[Exercise description]:
Please return every line of the material verbatim and skip any images.

[Given material]:
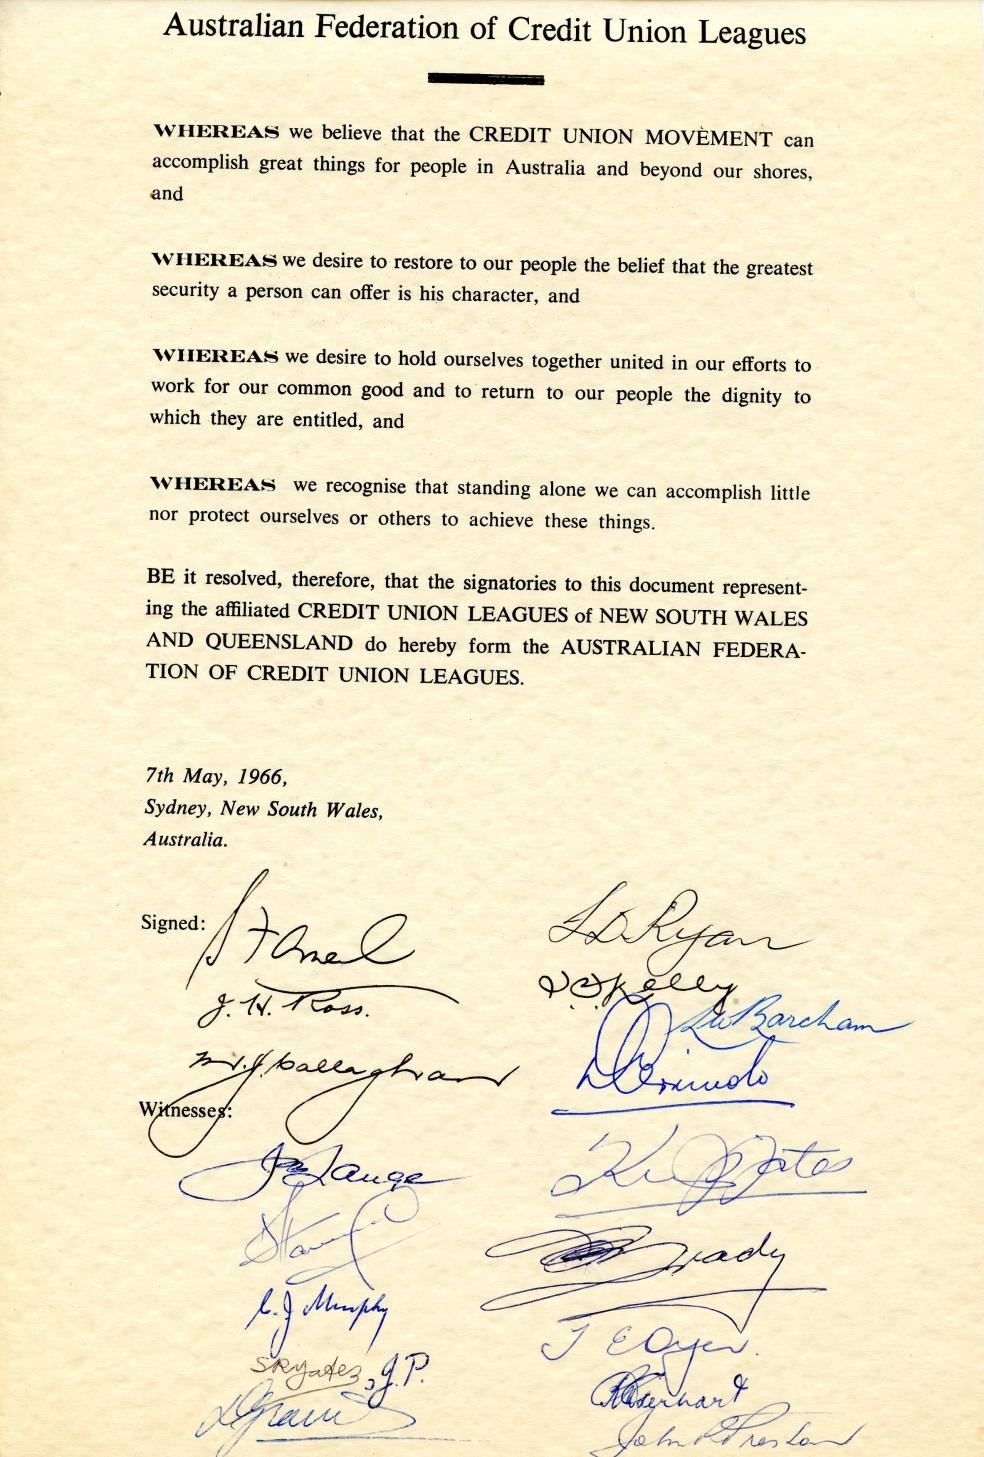 afcul-proclamation-e1543964451200.jpg
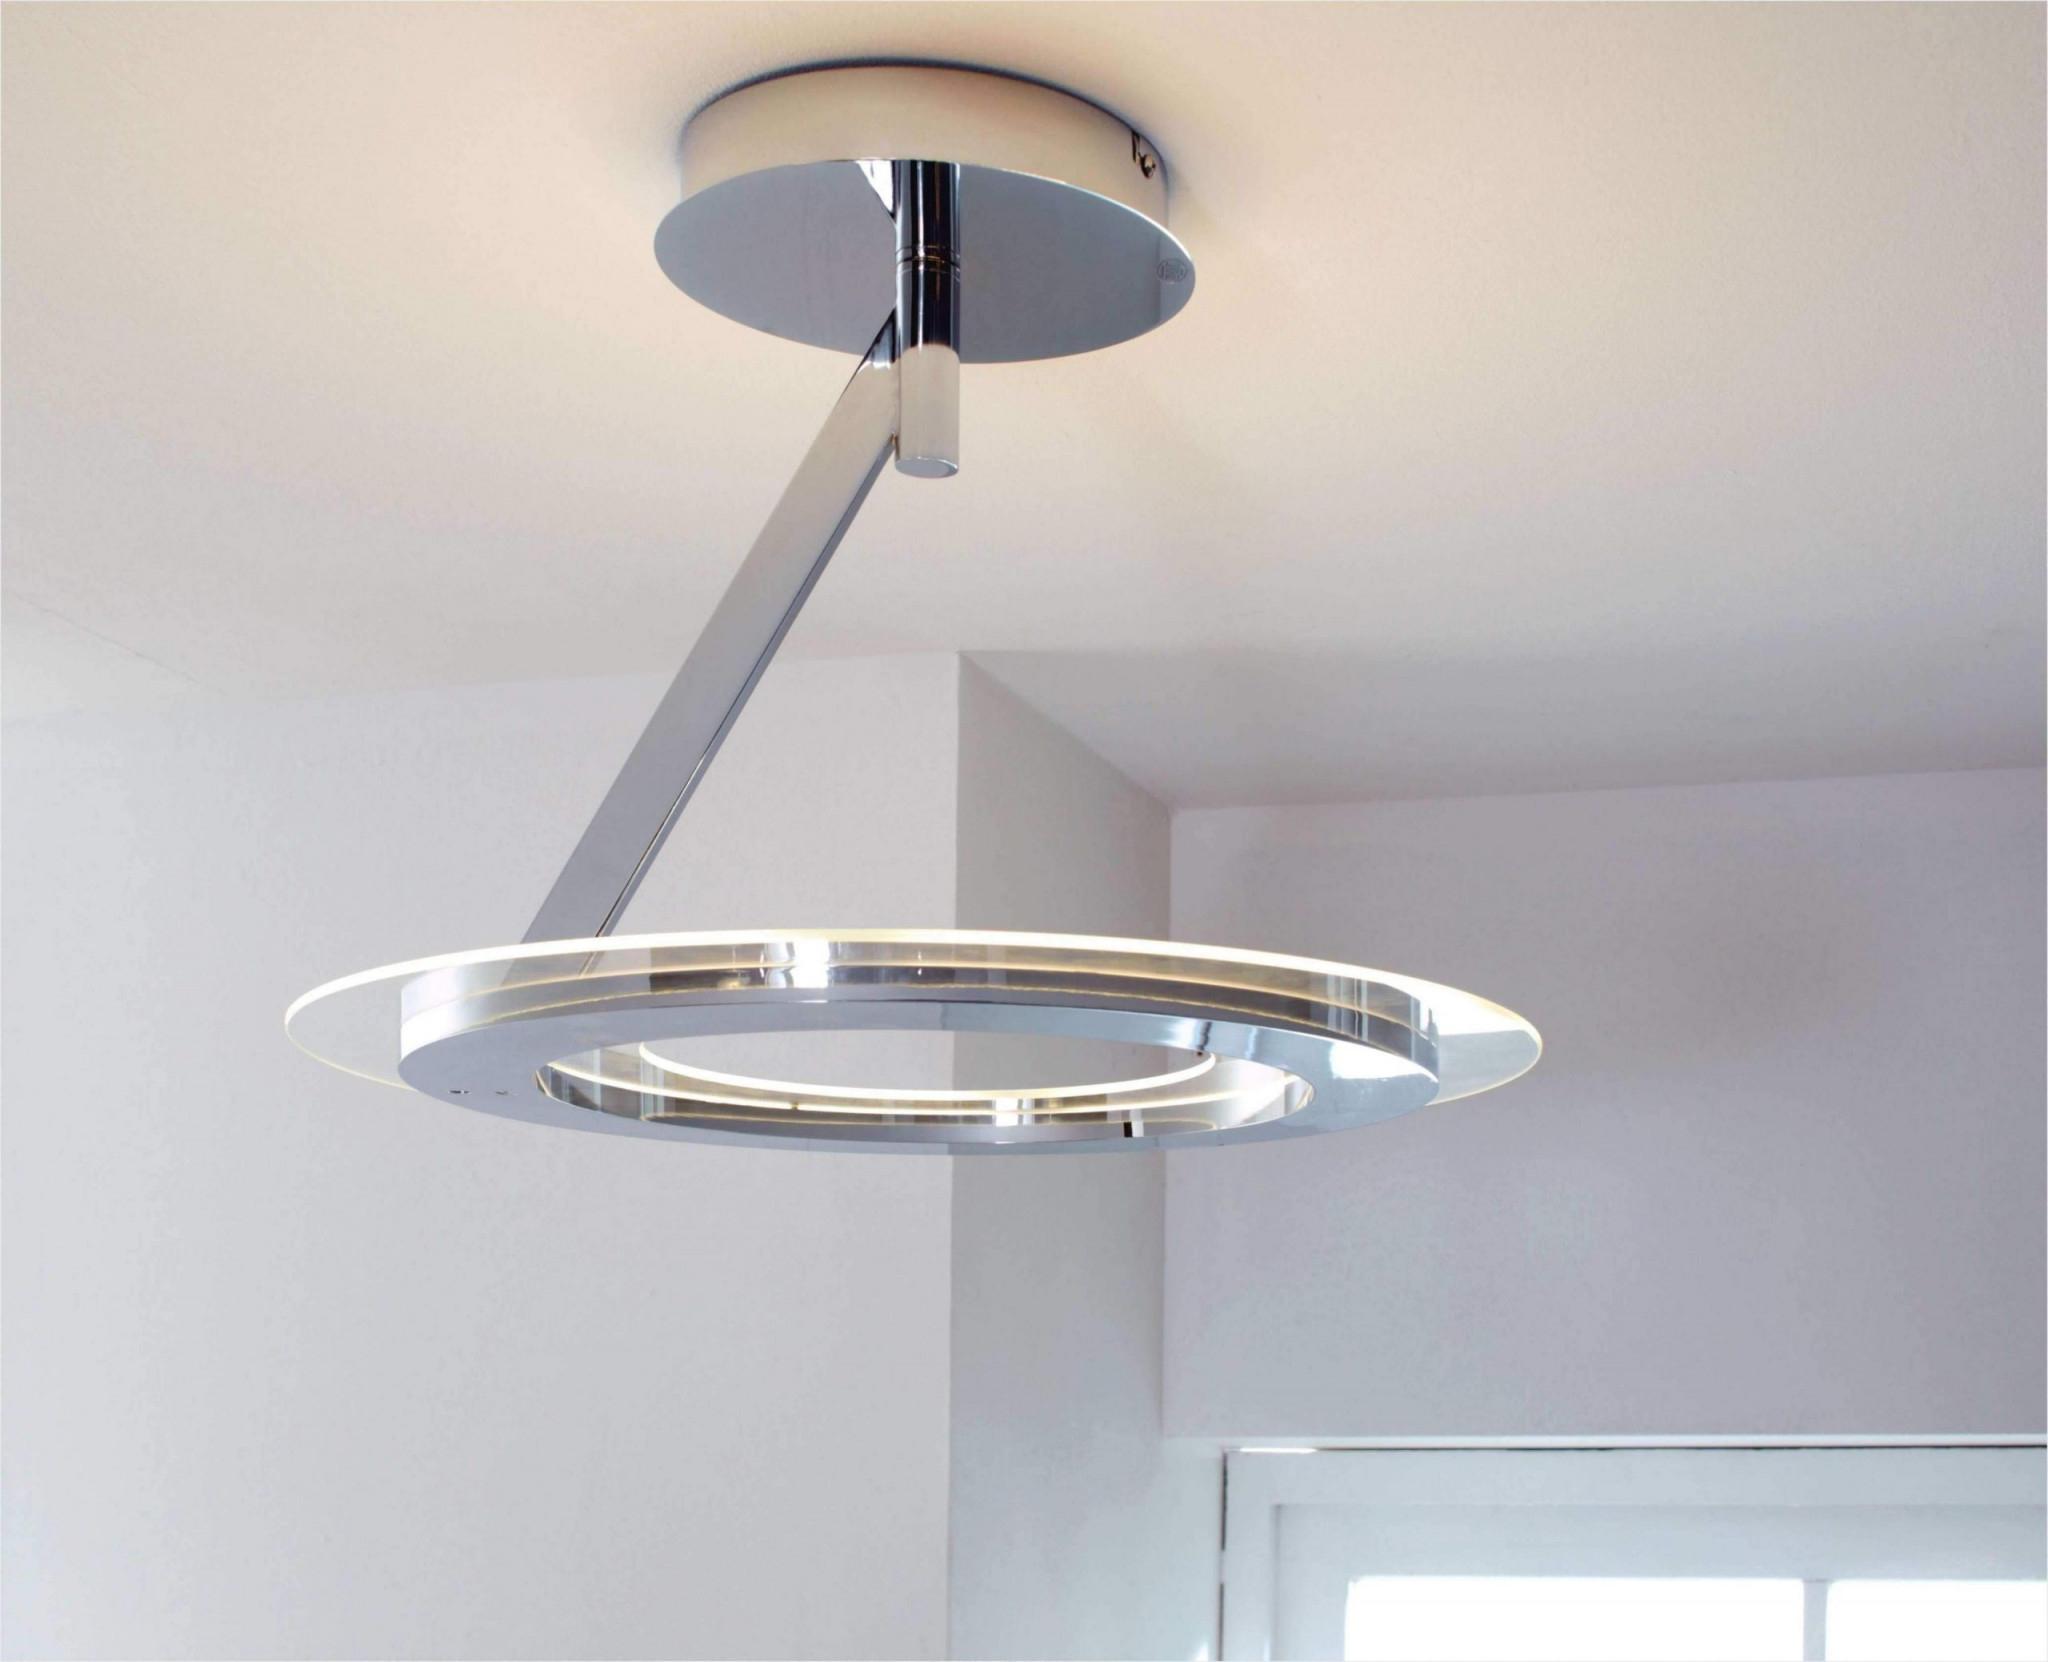 Deckenlampe Wohnzimmer Dimmbar Reizend Deckenleuchte von Wohnzimmer Deckenleuchte Dimmbar Bild
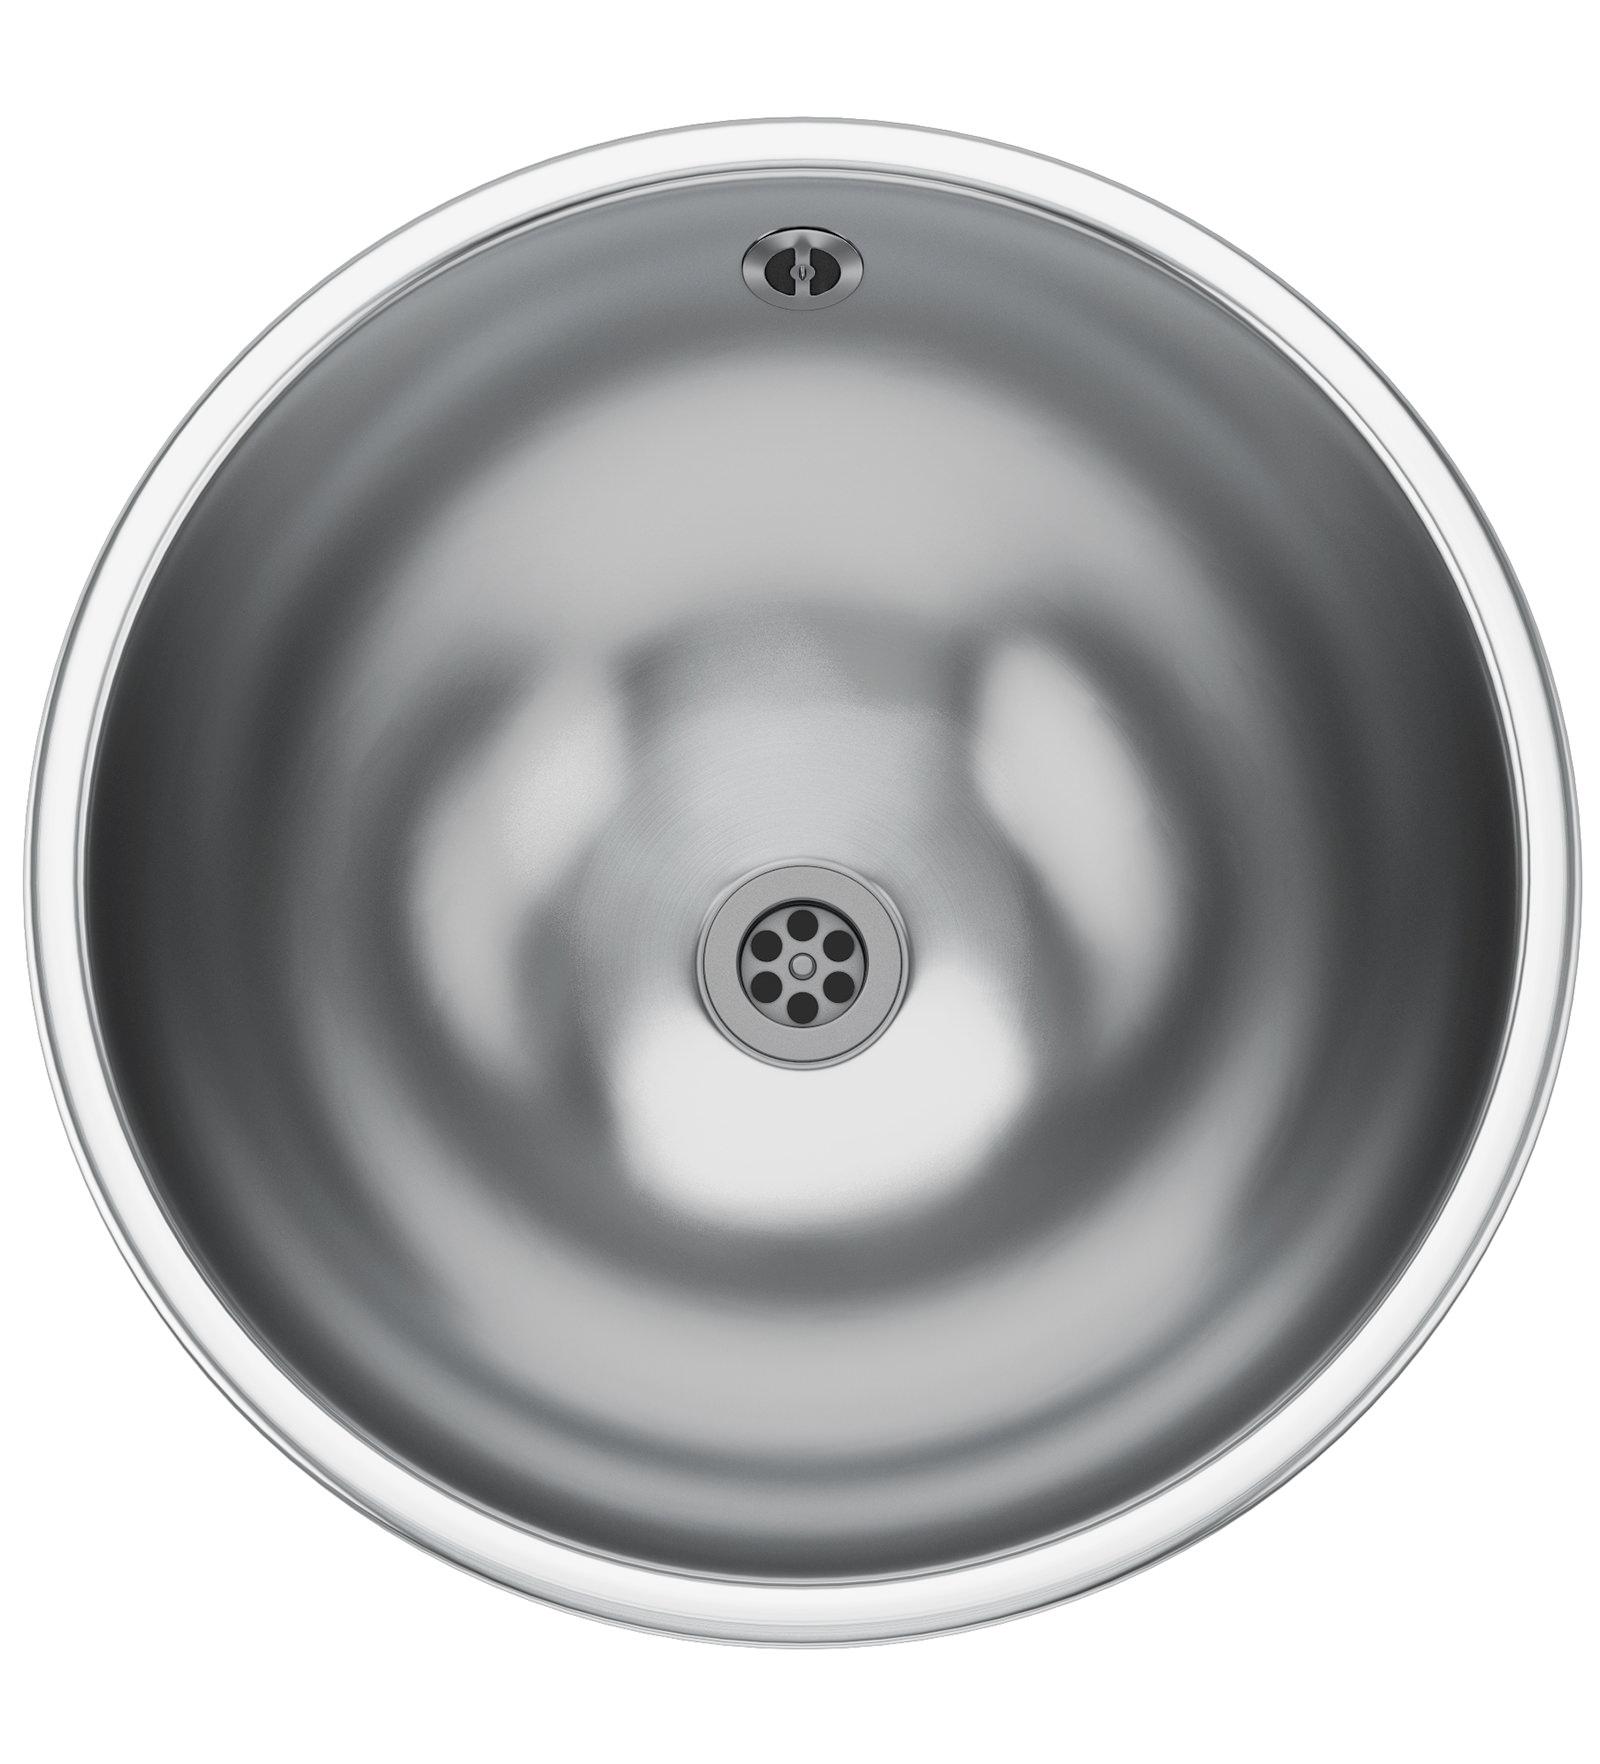 Franke Round Sink : ... sink franke rondo rnx 610 1 0 bowl stainless steel kitchen inset sink

[Result below]:
 afcul-proclamation-e1543964451200.jpg
 Deckenlampe Wohnzimmer Dimmbar Reizend Deckenleuchte von Wohnzimmer Deckenleuchte Dimmbar Bild
 Franke Round Sink : ... sink franke rondo rnx 610 1 0 bowl stainless steel kitchen inset sink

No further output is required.